И вот я перестал удивляться: я почувствовал, что очередная встреча вновь кончится неудачей…
В наследство мне досталось завидное здоровье: сейчас, в начале седьмого десятка, я еще способен карабкаться по скалам, хотя уже и не так проворно, как в молодости, могу переносить большие высоты. Еще на десяток лет меня хватит — и кого-нибудь из своих «старых знакомых» я успею повидать вновь. Но кому нужен очевидец, который молчит, пусть даже из благородного помысла, ибо доказательств того, о чем он должен рассказать людям, у него до сих пор нет… Вот что гнетет меня. Пока я не раскрою секрета, пока мои коллеги не перестанут пожимать плечами, утверждая, что в привезенных мною с гор образцах «нет ничего особенного», а, напротив, растерявшись, раскроют рты, — до того дня нечего завидовать мне, очевидцу, единственному, быть может, ныне человеку, посвященному в тайну всех этих необычных созданий.
…Маттео Гизе. Так звали их создателя… Специалисту в области микробиологии это имя должно быть знакомо… Выходец с юга Италии.

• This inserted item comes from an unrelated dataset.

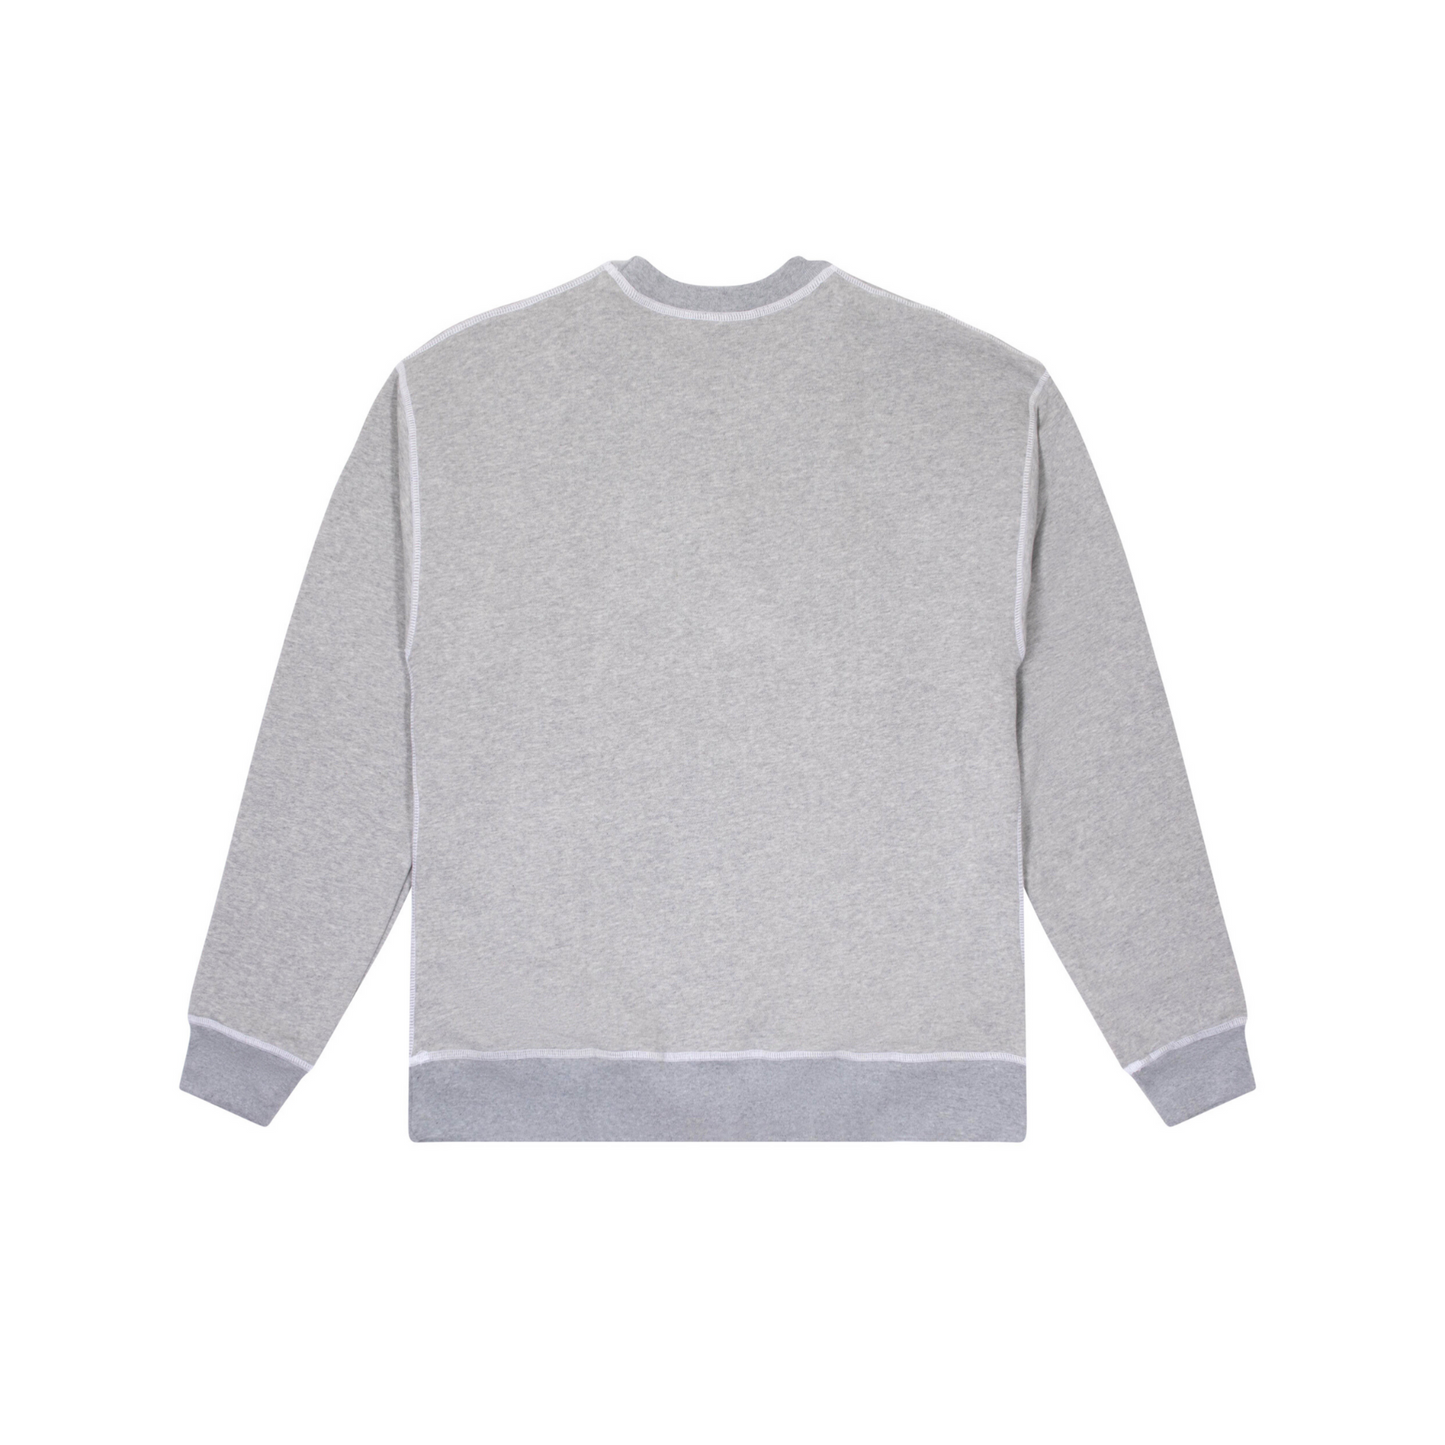 SWC 2 90s Sweatshirt - Marl Grey Reverse Stitch

Низкорослый, коренастый. Густая черная шевелюра со спадавшей на лоб тонкой, чуть завивающейся прядкой. Карие, очень живые глаза. Таким я его запомнил. Он часто заразительно хохотал и жестикулировал, как дирижер джазового оркестра. Ему бы больше солидности, заносчивый холодный взгляд — и он, пожалуй, стал бы необыкновенно схож с тем маленьким корсиканским капралом, который полтора века назад устроил в Европе кровавую бойню…
Я познакомился с ним летом двадцать девятого года. Мне, студенту Московского университета, в ту пору было чуть больше двадцати, и я только-только начинал постигать тайны микробиологии. Маттео Гизе был старше меня лет на пятнадцать, еще весьма молод, но о нем уже во всеуслышание уважительно отзывались западные корифеи моей науки.
Он приехал в Москву с группой европейских специалистов по приглашению Академии наук и посетил нашу лабораторию. Он вошел к нам подтянутый, в кремовом пиджаке, светлых клетчатых брюках и белоснежных ботинках. Его лицо было бронзовым от загара, а улыбка — столь ослепительна и артистична, словно он готовился предстать перед огромным залом, до отказа заполненным поклонниками его таланта. Едва поздоровавшись, он сорвался с места, невесомой танцующей походкой промчался по лаборатории, оставляя за собой аромат дорогого одеколона… Он заглянул всюду, едва ли не во все наши пробирки, микроскопы, установки, а осмотрев все, захлопал в ладоши и выпалил:
— Брависсимо!
Мне подумалось, что этот человек шагнул к нам в лабораторию прямо с набережной Неаполя или Рио-де-Жанейро.
Все изъяснялись с ним на немецком, я немного знал итальянский и, рискнув ублажить «маэстро», к слову прочел ему несколько строк из современного поэта, соотечественника Гизе, Марио Пратези. От восторга Гизе вскочил, едва не опрокинув стул… Мне стало не по себе, а Гизе с той минуты начал рассказывать о своих исследованиях, обращаясь только ко мне, и тем поставил меня в неловкое положение перед руководством института, где я носил пока чин лаборанта.
В ту пору слова «ген» и «генетика» еще не считались для нас запретными, и, помню, мы весь вечер проговорили о законах наследственности и перспективах их практического использования. Именно тогда, в июне двадцать девятого, я впервые услышал от Гизе словосочетание «генная инженерия», то самое словосочетание, что ныне на языке у моих коллег и, быть может, всего через каких-нибудь два десятка лет будет определять одну из ведущих отраслей науки, а то и промышленности.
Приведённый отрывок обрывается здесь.